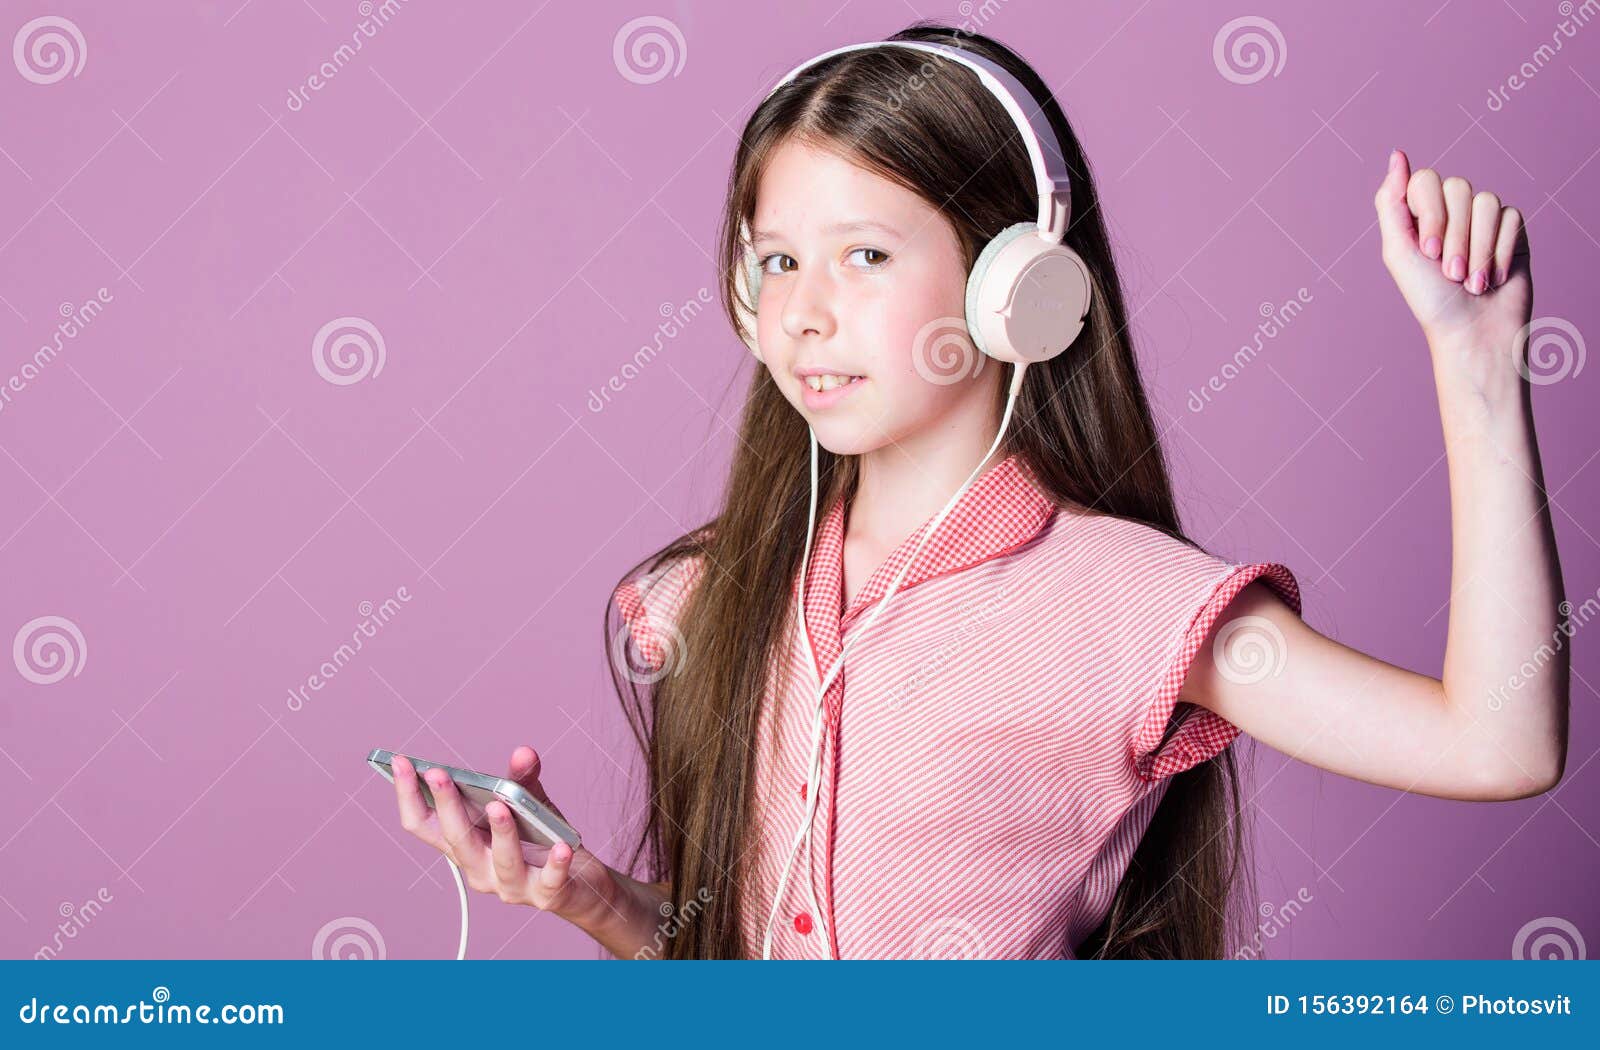 Аудио уроки изучения. Звонок на урок аудио. Описание картины девочка слушает музыку английский язык.
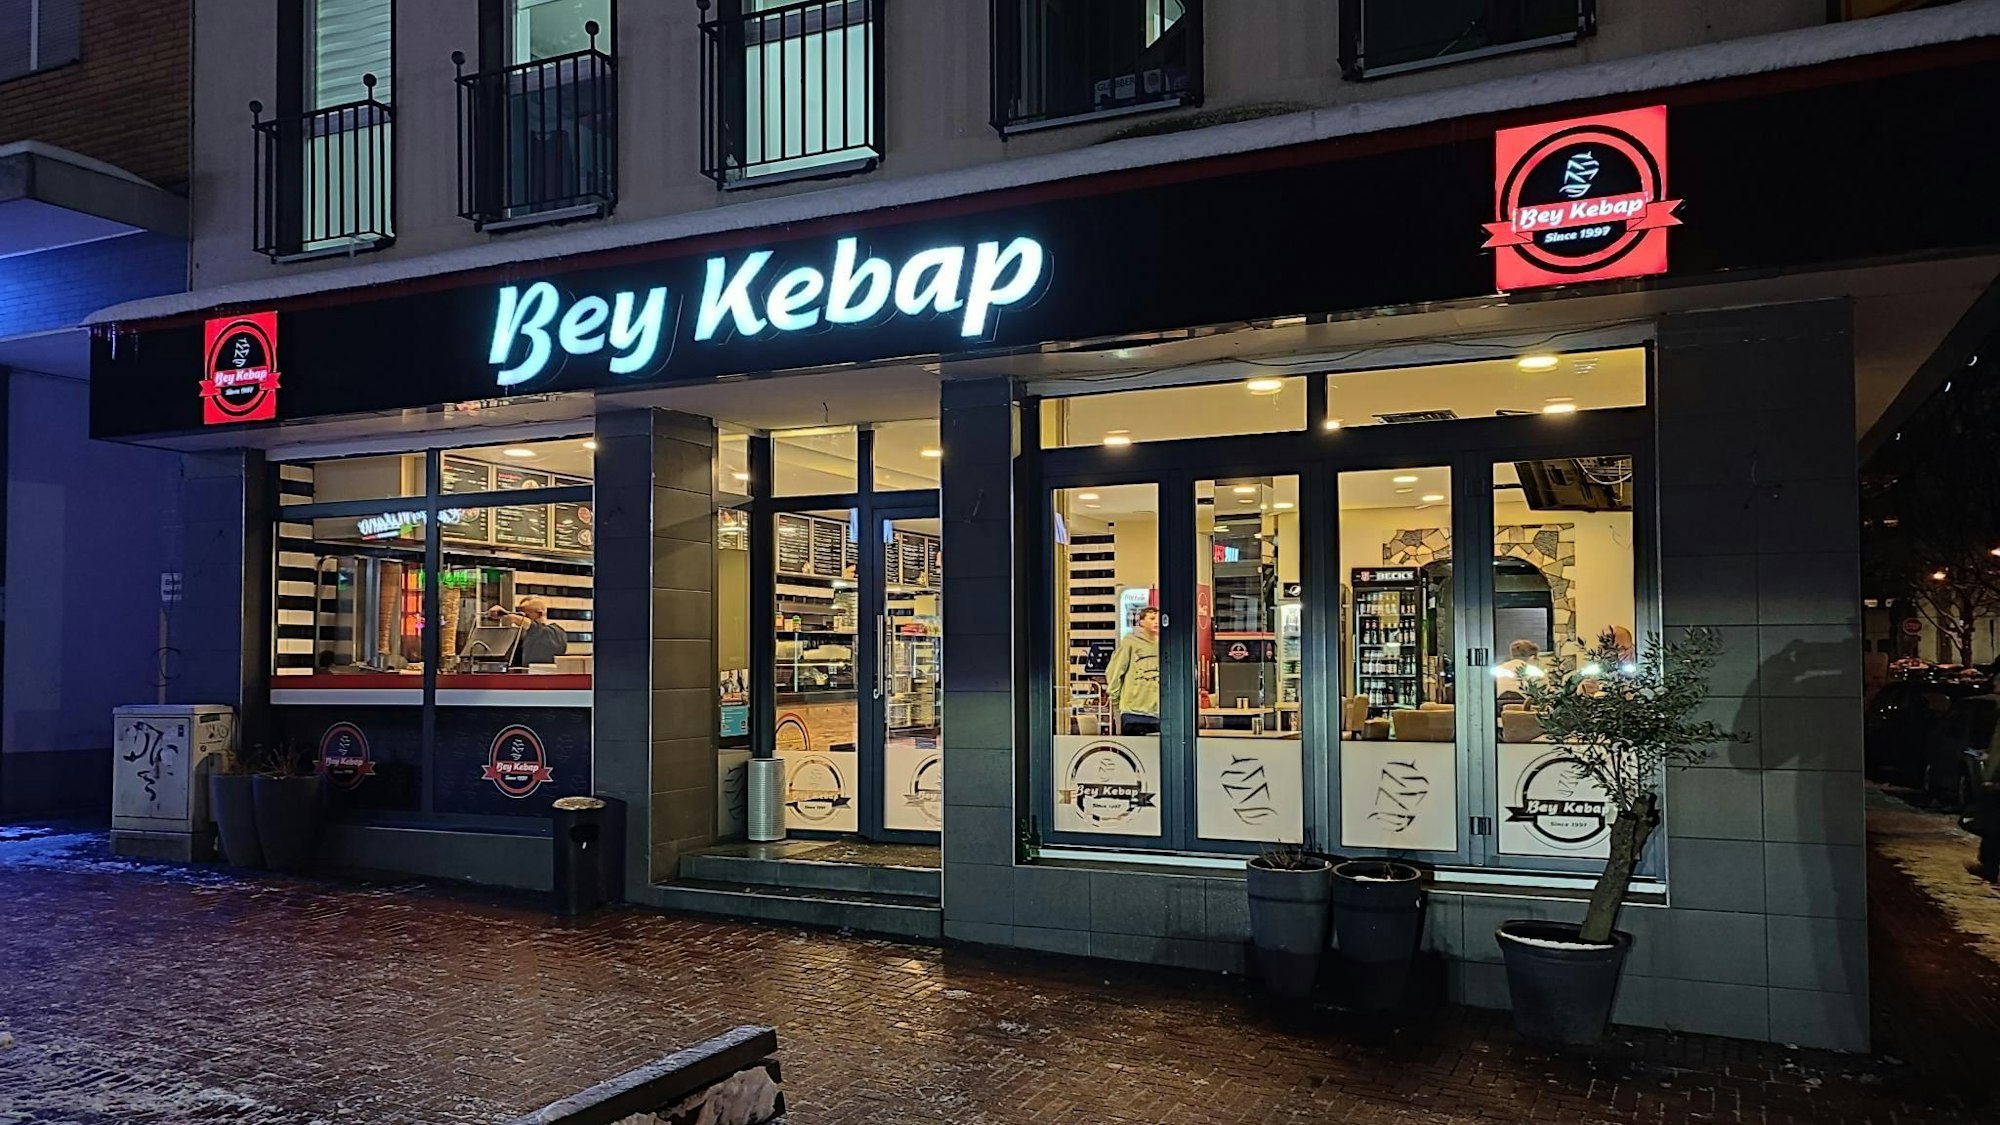 Das Restaurant Bey Kebap in der Bahnhofsstraße in Opladen im Dunkeln von außen.
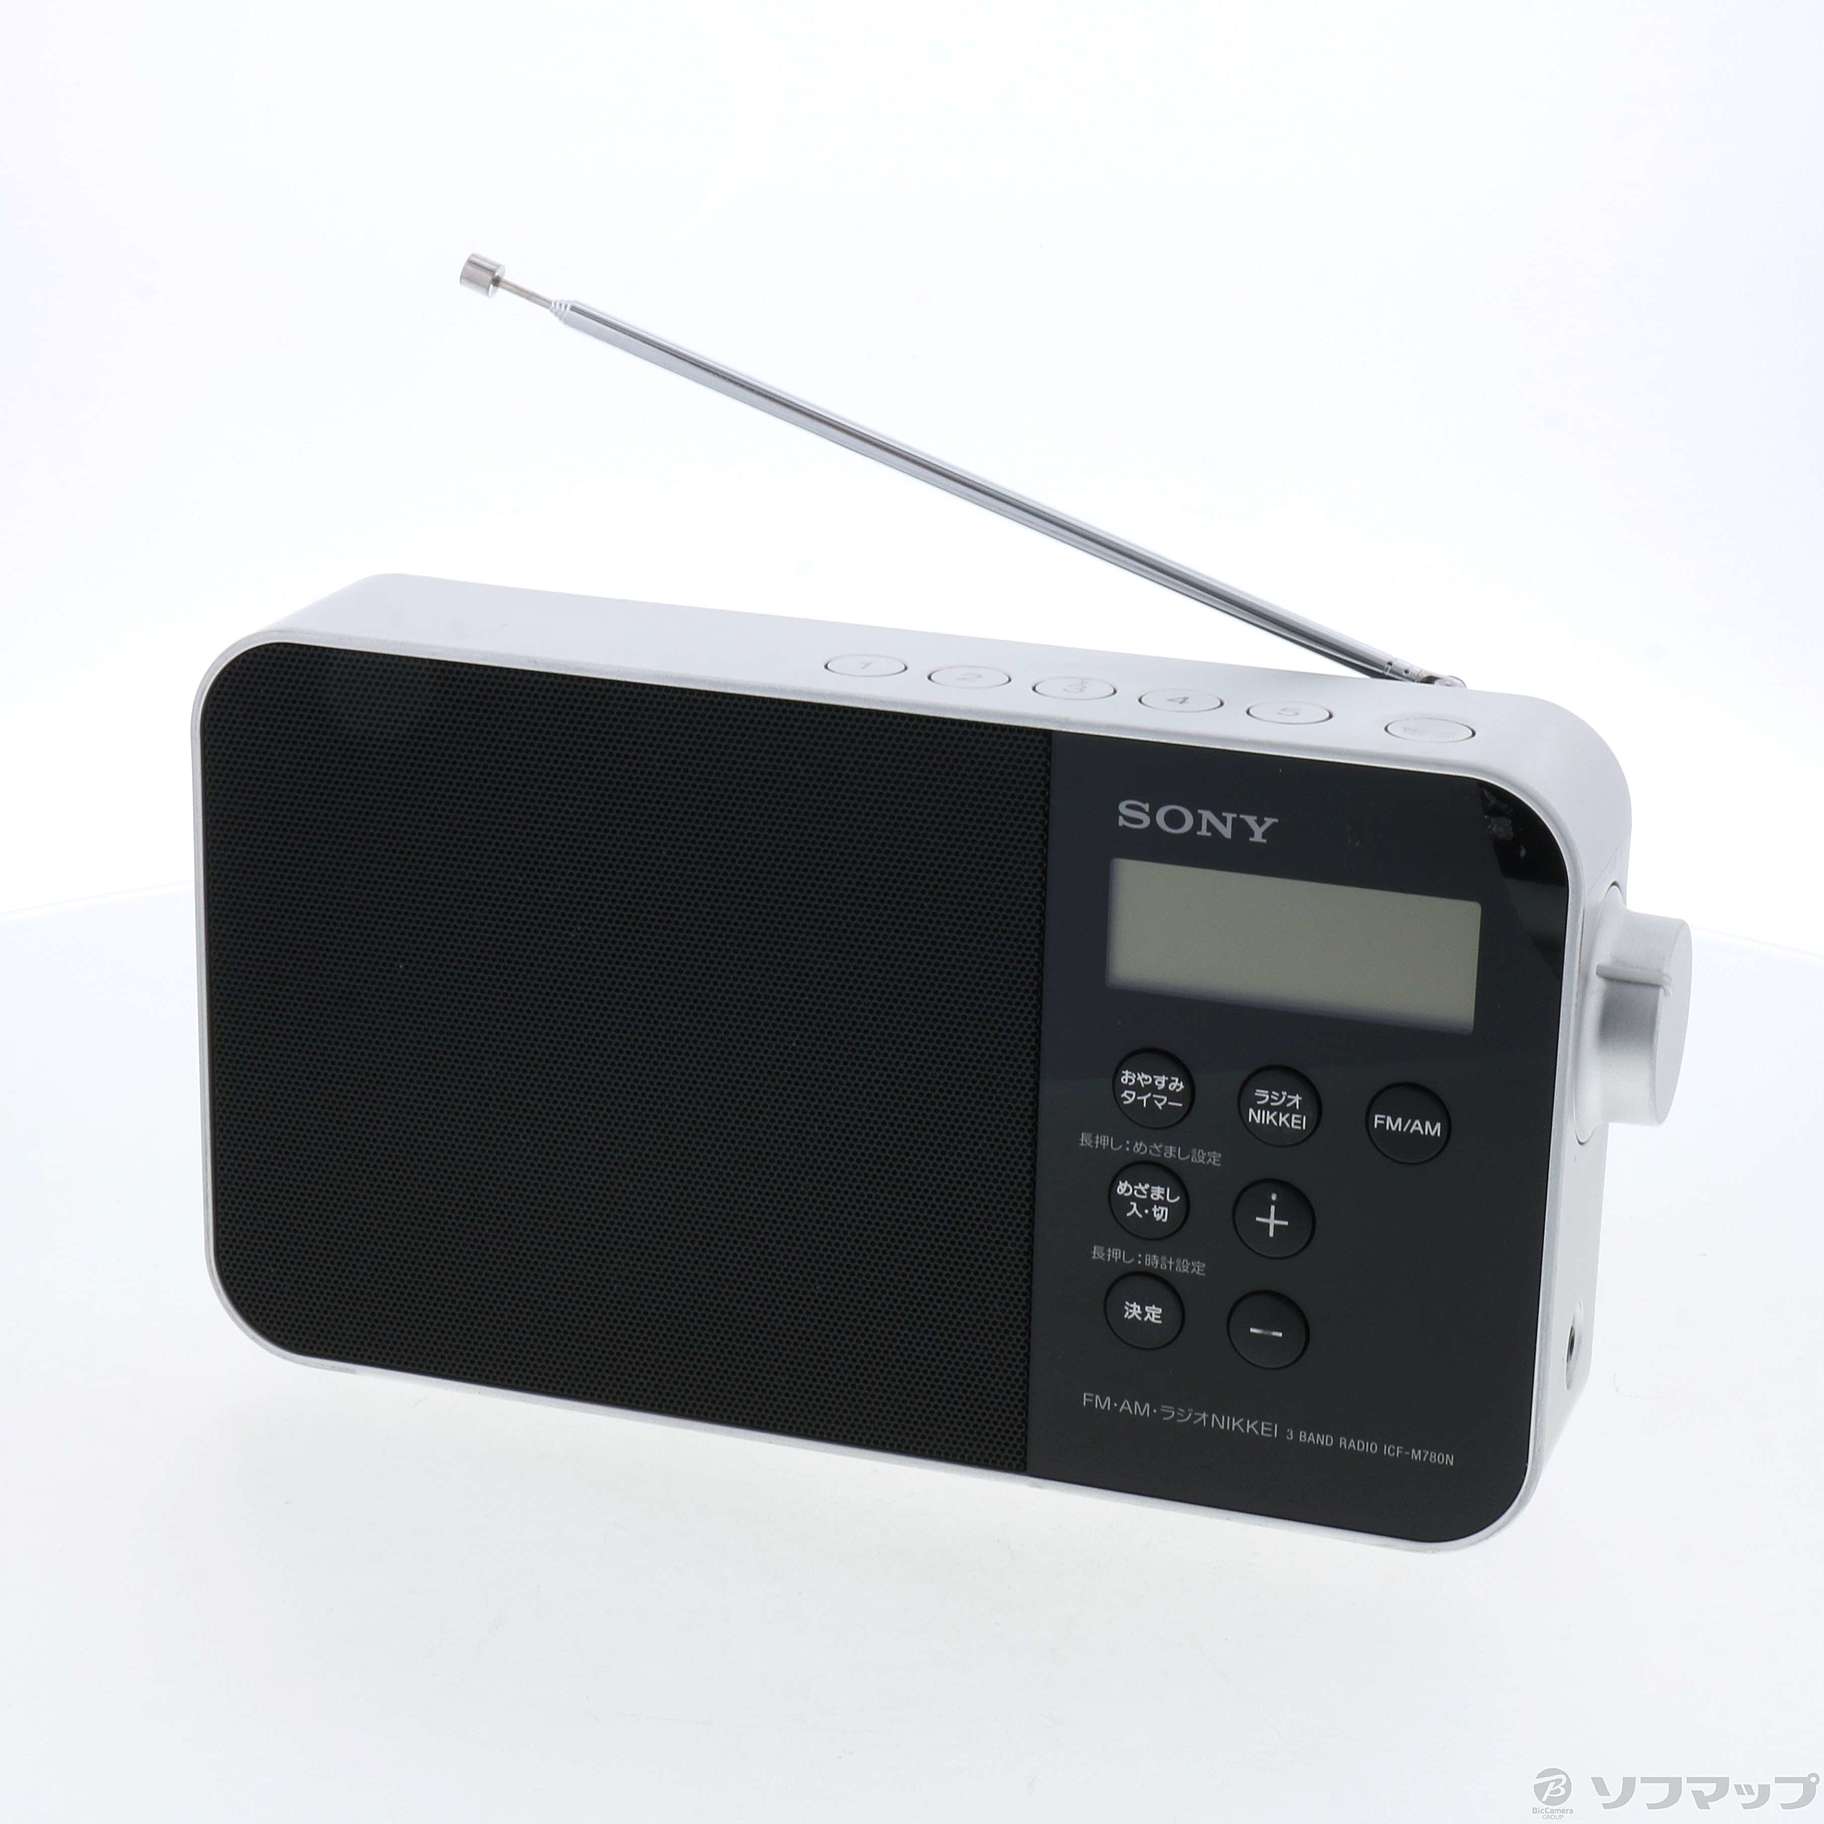 SONY PLLシンセサイザーポータブルラジオ ICF-M780N【16年製】 - ラジオ
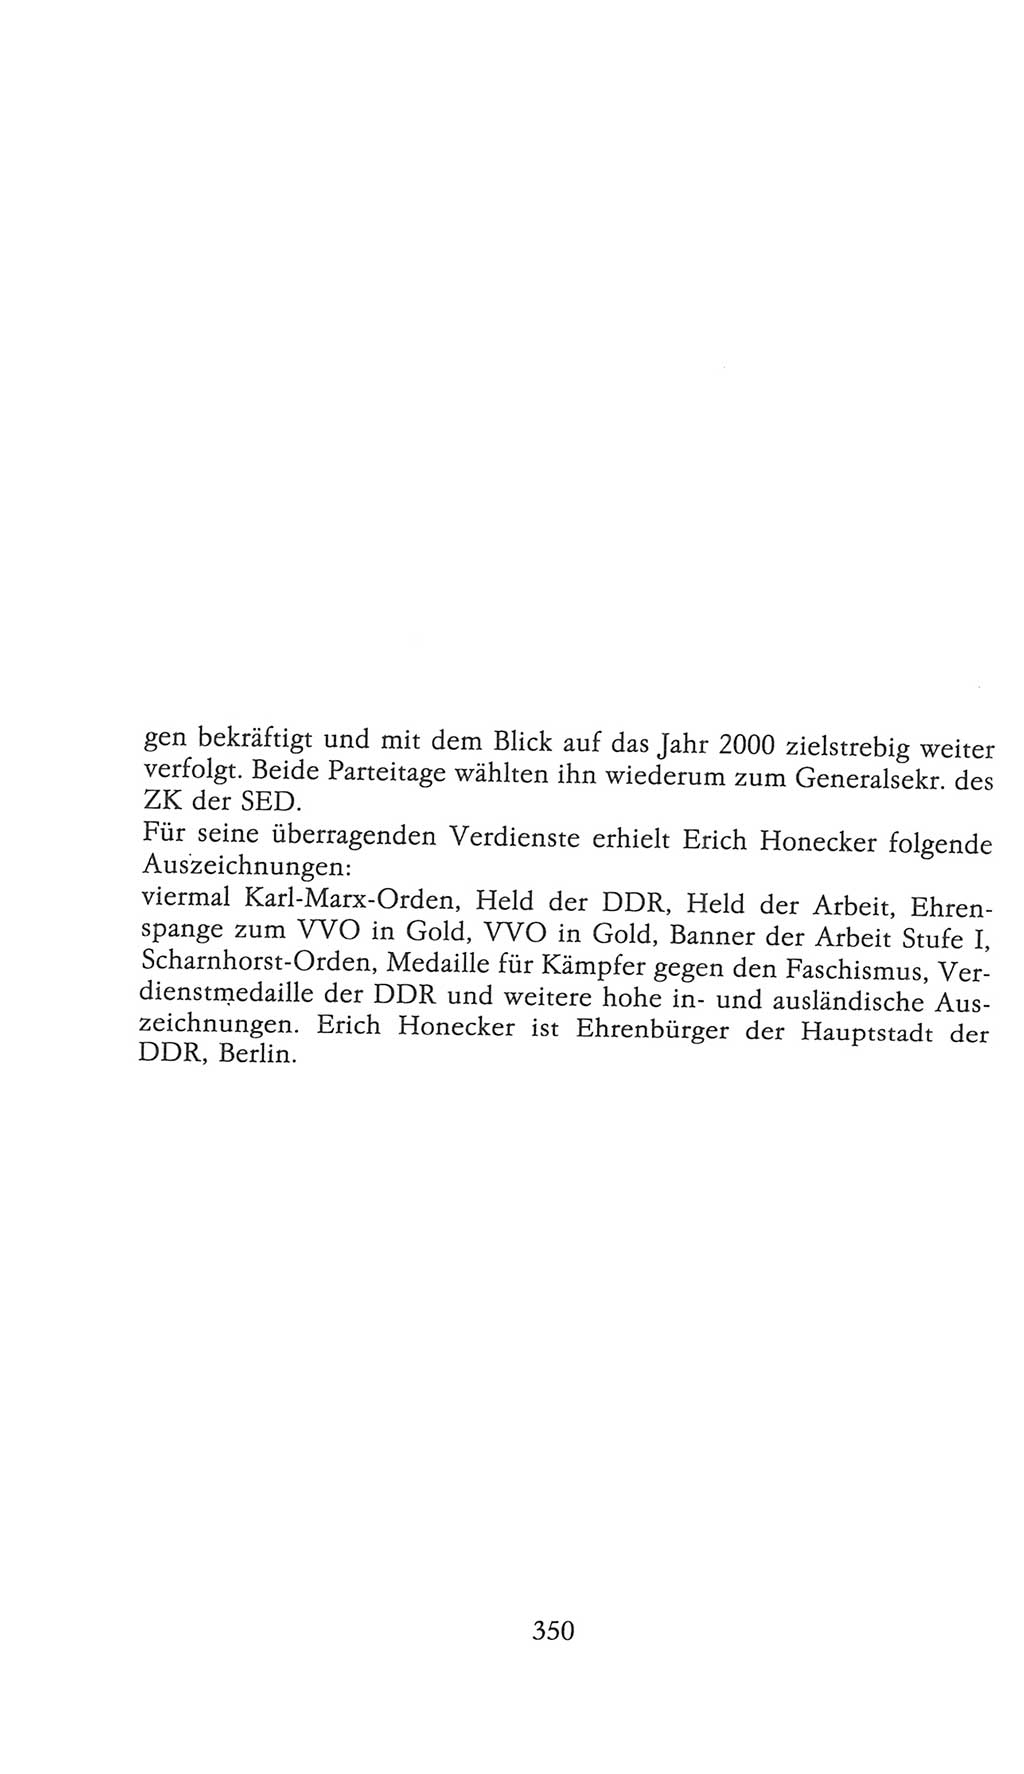 Volkskammer (VK) der Deutschen Demokratischen Republik (DDR), 9. Wahlperiode 1986-1990, Seite 350 (VK. DDR 9. WP. 1986-1990, S. 350)

········

Task instructions » All of the material is to be reproduced verbatim, pictures excluded.

Result below »
 Аудио уроки изучения. Звонок на урок аудио. Описание картины девочка слушает музыку английский язык.
 Das Restaurant Bey Kebap in der Bahnhofsstraße in Opladen im Dunkeln von außen.
 SONY PLLシンセサイザーポータブルラジオ ICF-M780N【16年製】 - ラジオ
 Volkskammer (VK) der Deutschen Demokratischen Republik (DDR), 9. Wahlperiode 1986-1990, Seite 350 (VK. DDR 9. WP. 1986-1990, S. 350)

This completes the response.